To do: Retype only the lines below from the one with "Kyocera bestaat zestig jaar image" to the one with "Shuddering castle", inclusive, skipping every image.

Information provided:
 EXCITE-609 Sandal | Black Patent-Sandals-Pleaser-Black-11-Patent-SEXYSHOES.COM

* * *

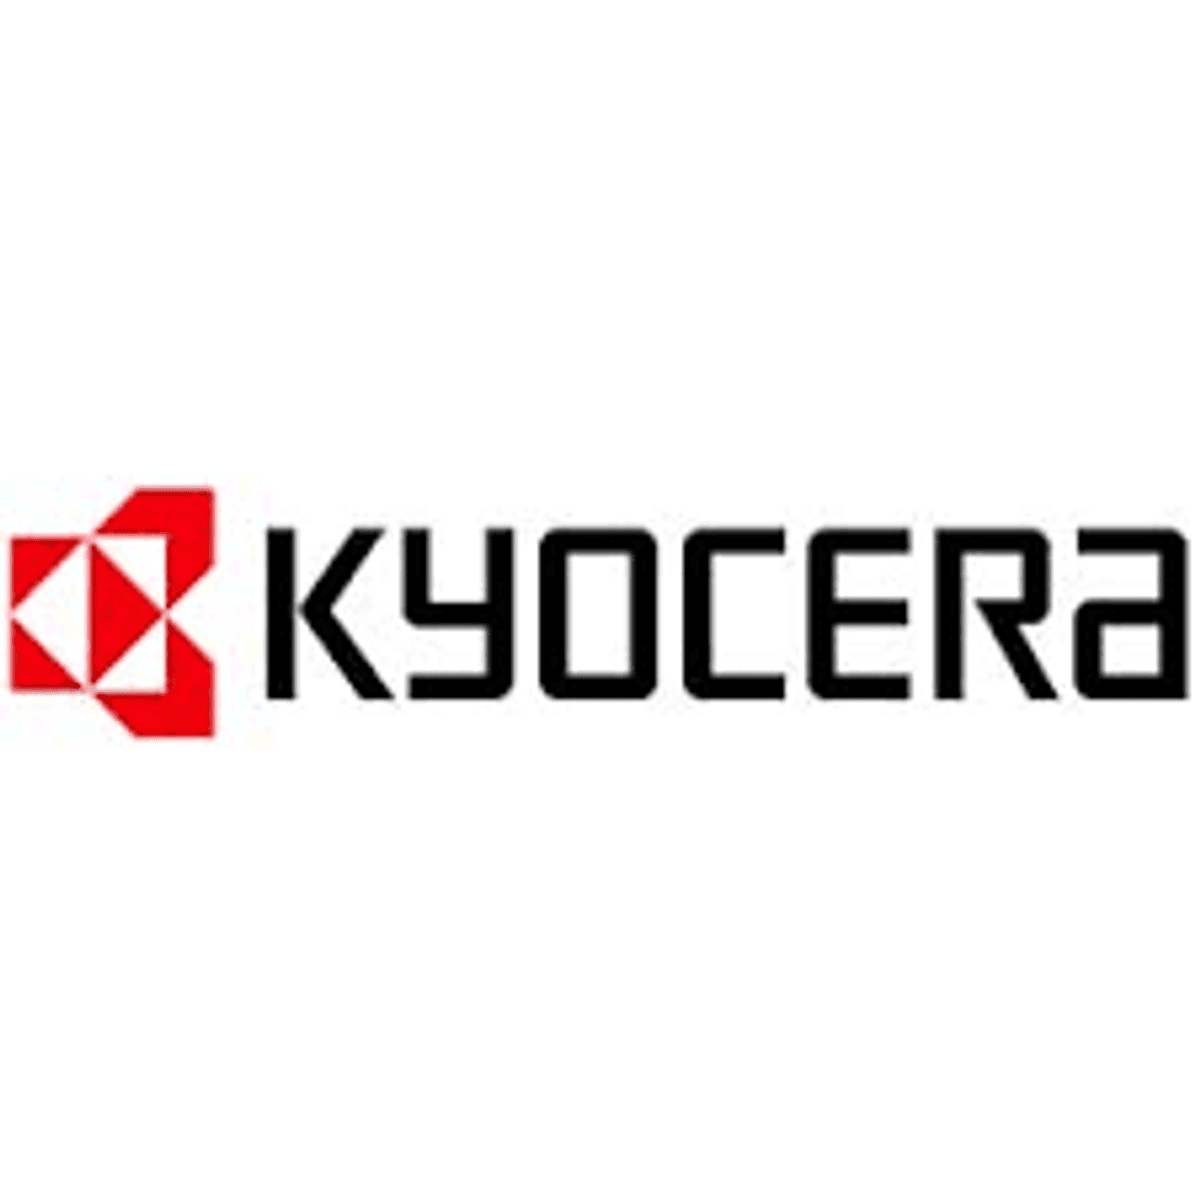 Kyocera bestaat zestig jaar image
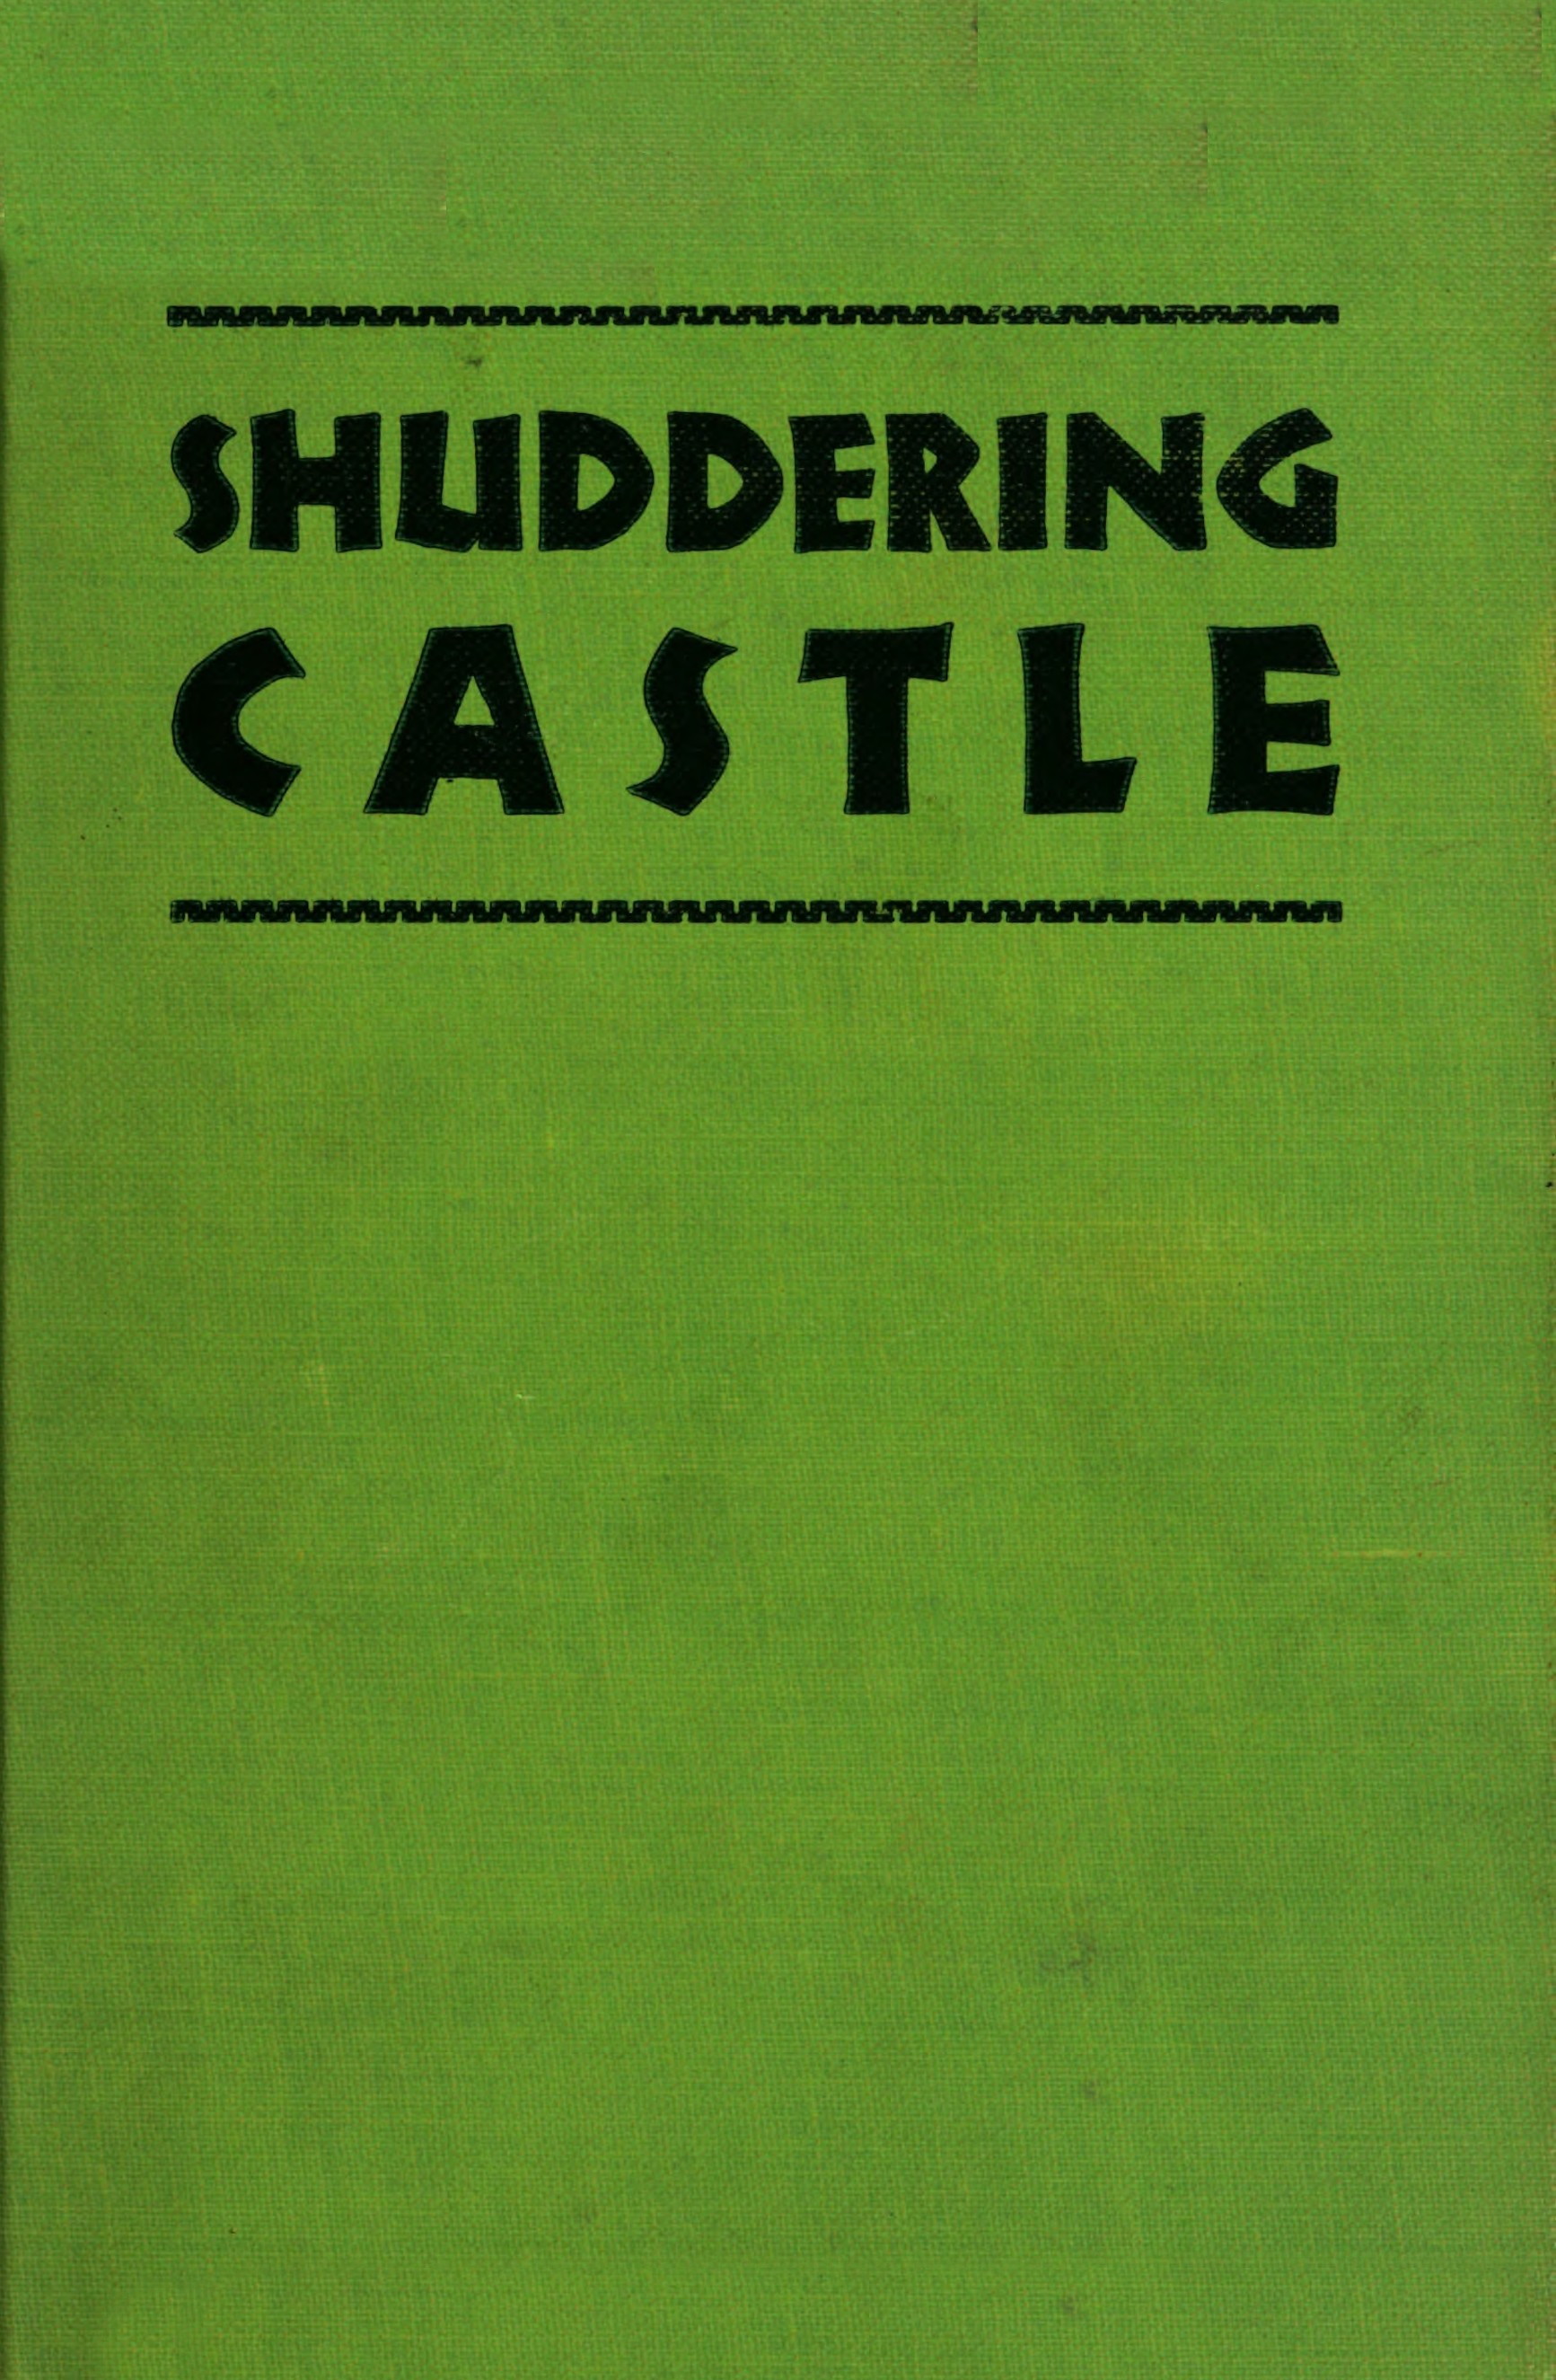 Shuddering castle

Finished exercise:
 Kyocera bestaat zestig jaar image
 Shuddering castle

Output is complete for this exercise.